§ YOUR GOAL
Here the job is to transcribe the data exactly while omitting the images.

§ COLLECTED DATA
--- --- ---
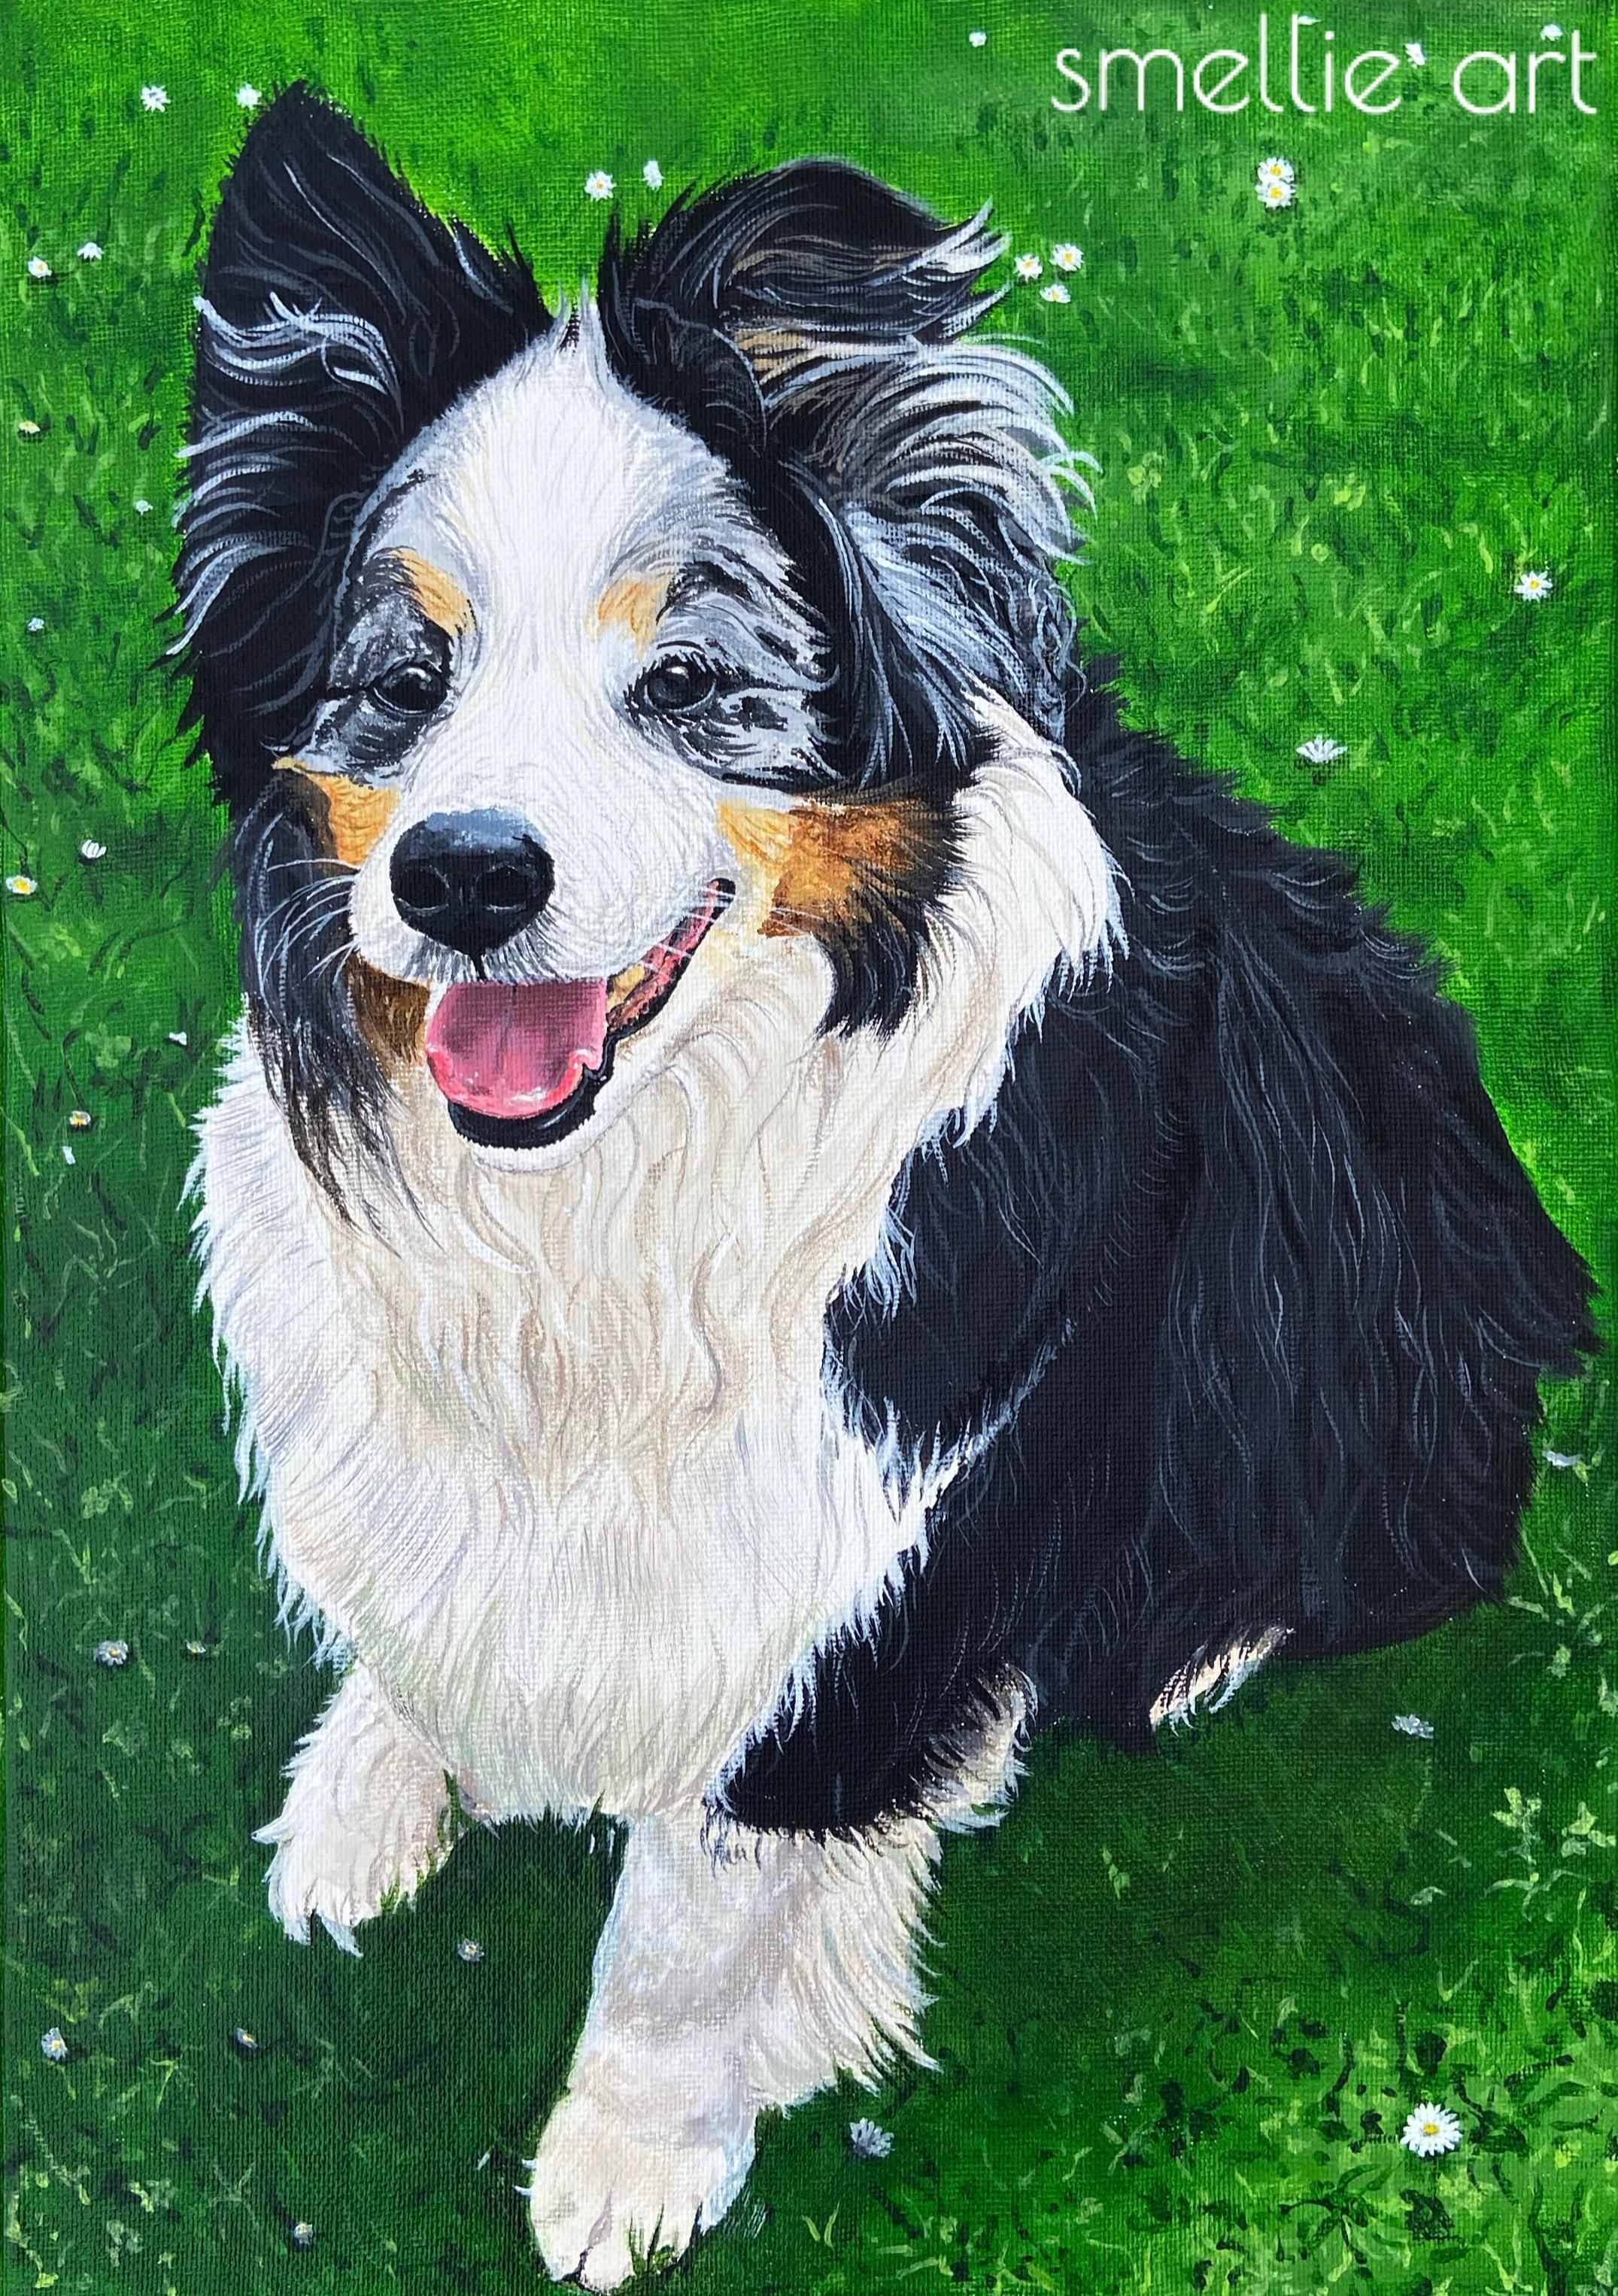 Sheepdog Painting.JPG
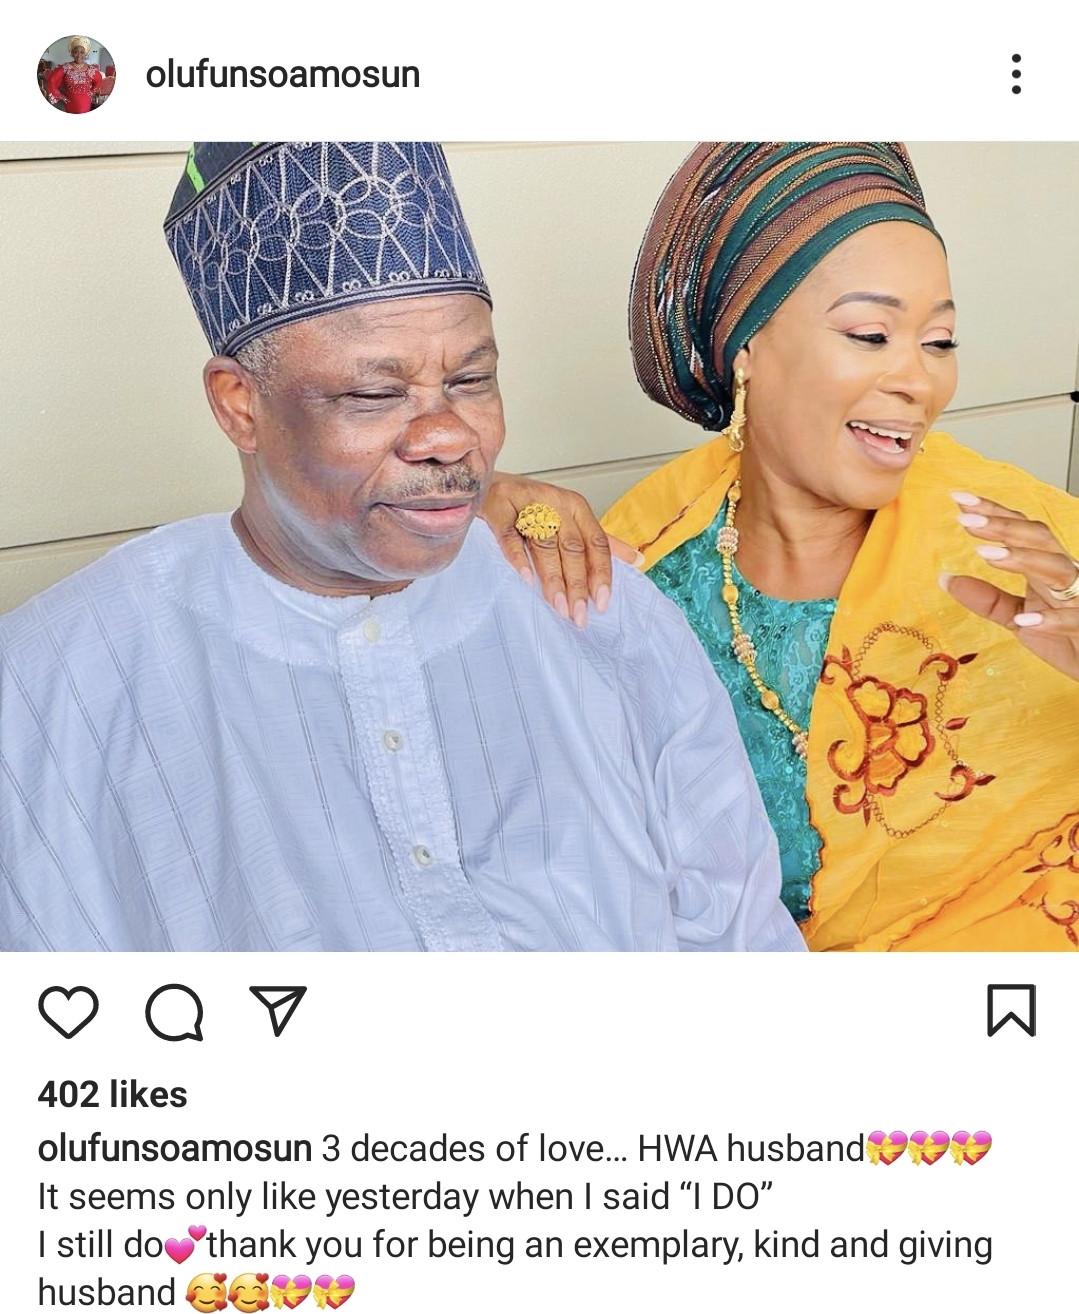 Former Ogun state governor, Ibikunle Amosun, and wife celebrate 30th wedding anniversary
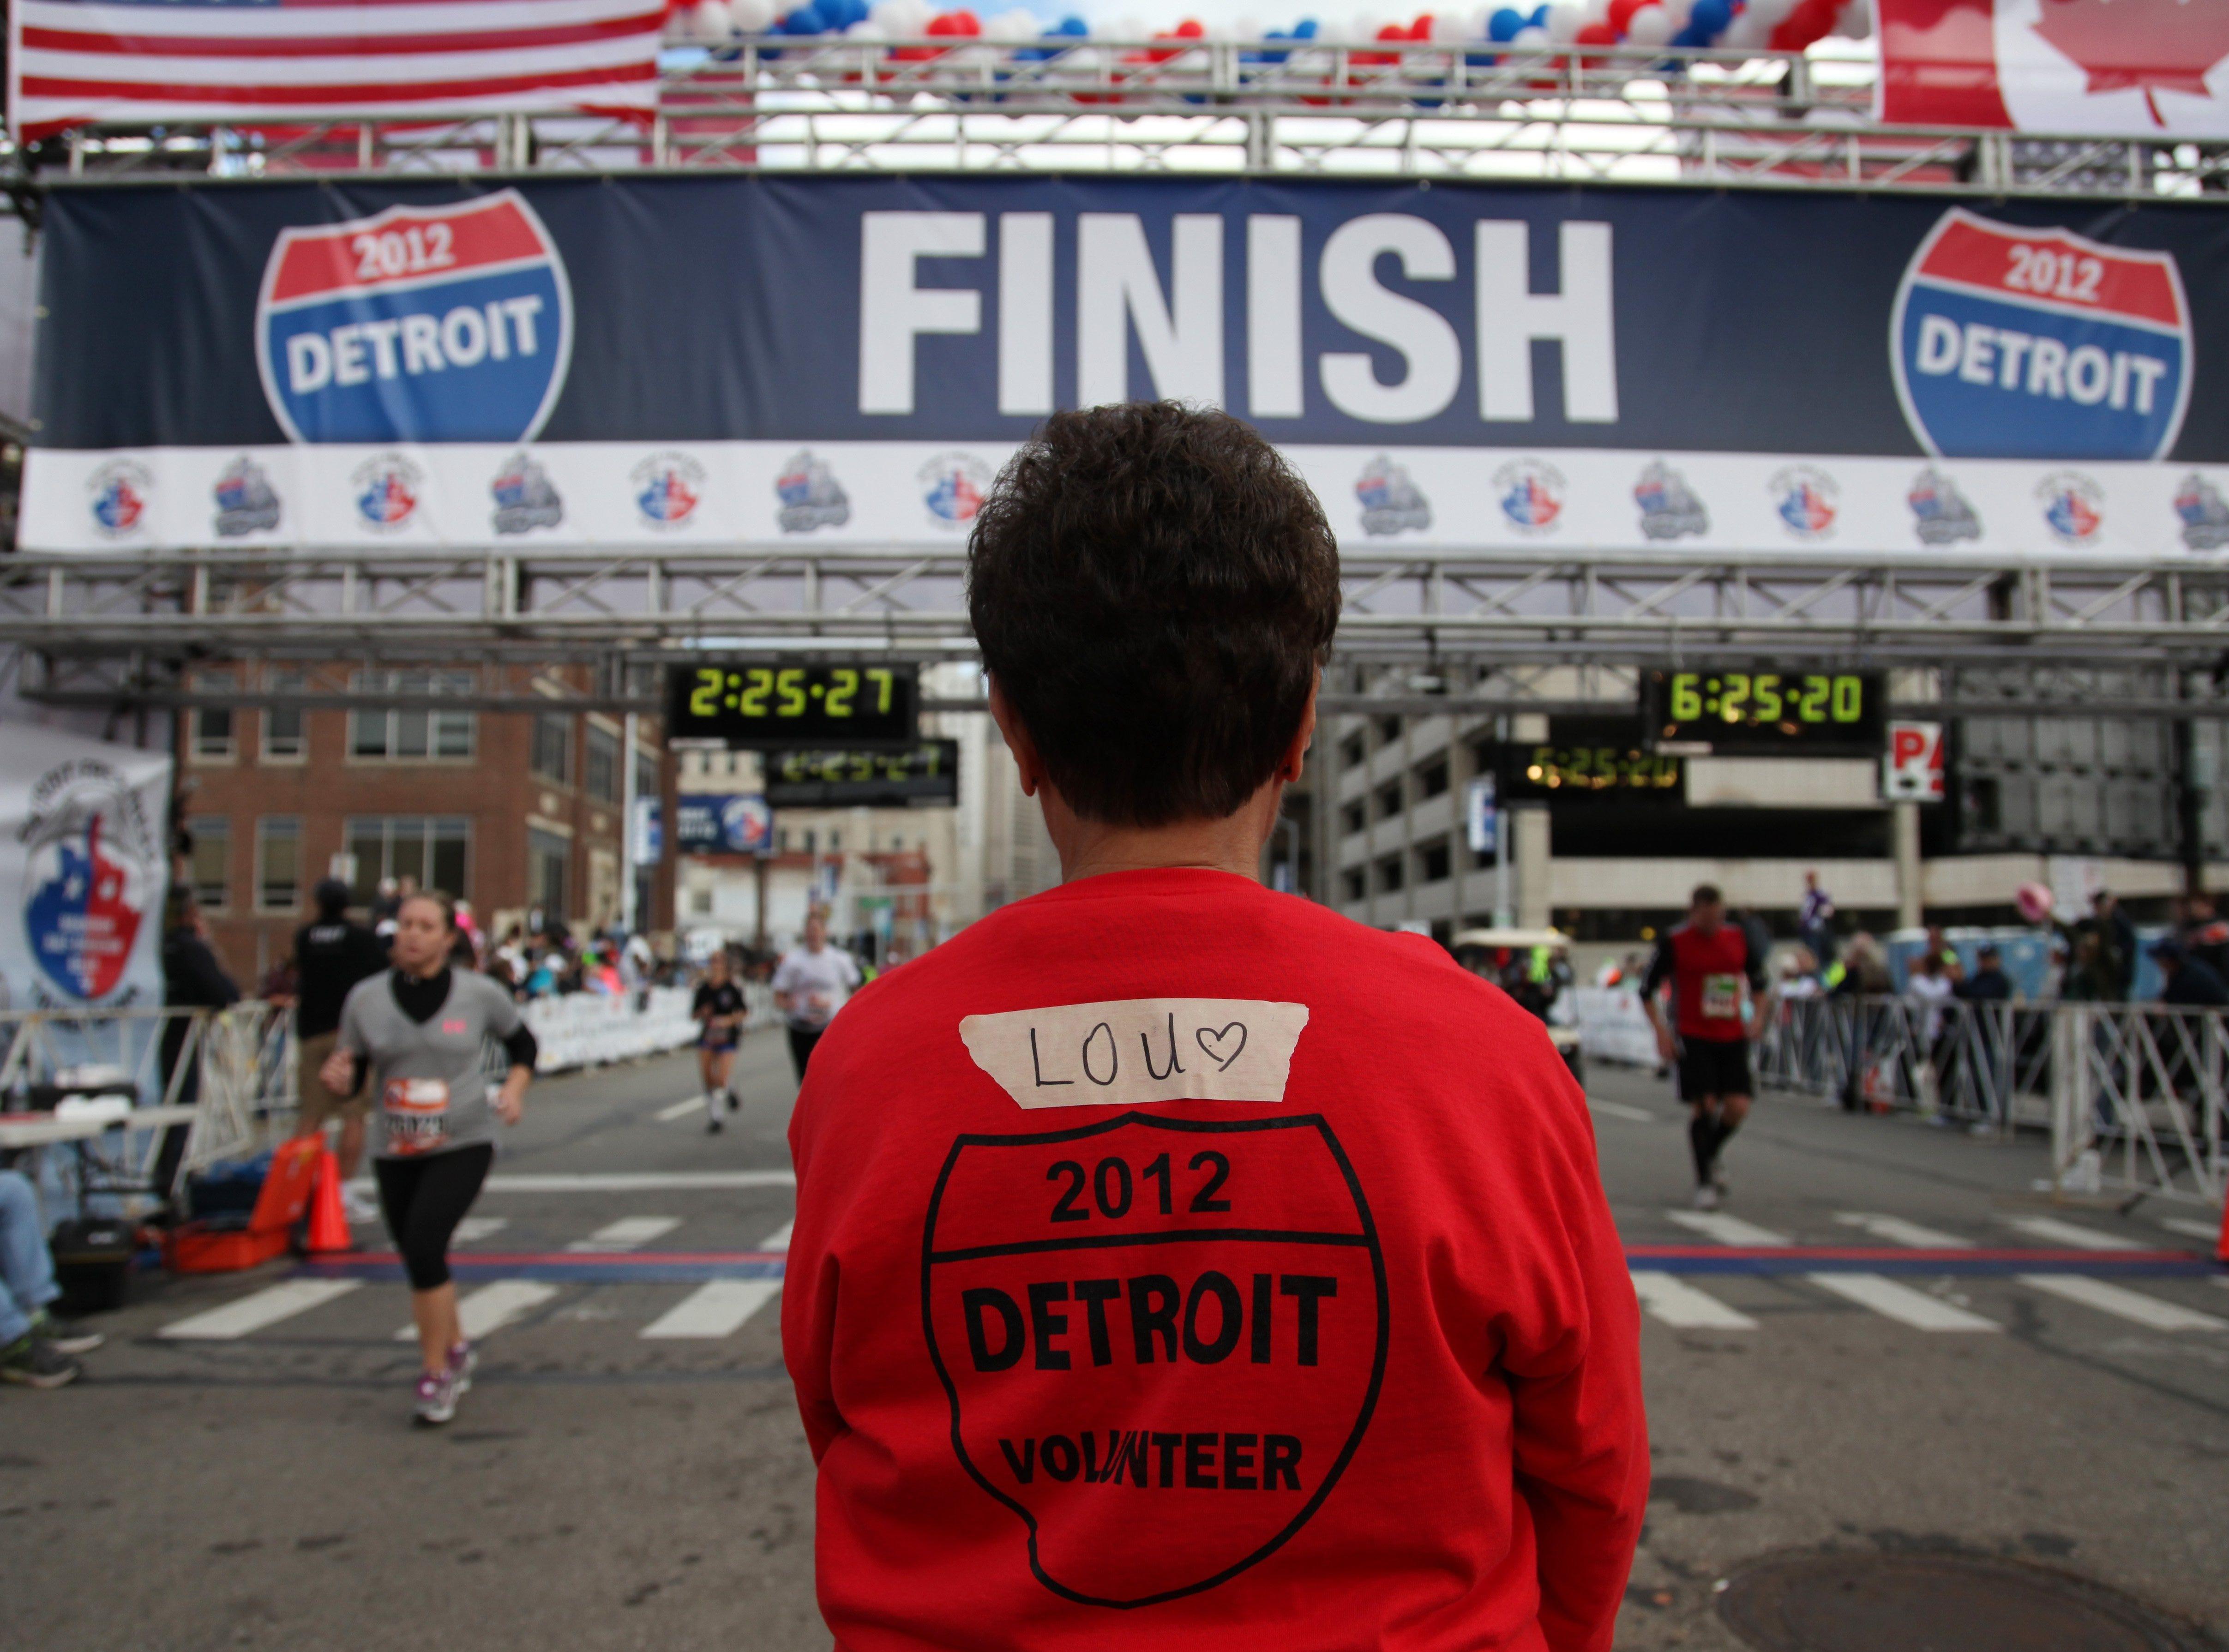 Race volunteer Lou Marossy works the finish line at the Detroit Free Press/Talmer Bank Marathon in Detroit, Sunday, Oct. 21, 2012.
--- --- ---
§ TASK SOLUTION
 Sheepdog Painting.JPG
 Former Ogun state governor, Ibikunle Amosun, and wife celebrate 30th wedding anniversary
 Race volunteer Lou Marossy works the finish line at the Detroit Free Press/Talmer Bank Marathon in Detroit, Sunday, Oct. 21, 2012.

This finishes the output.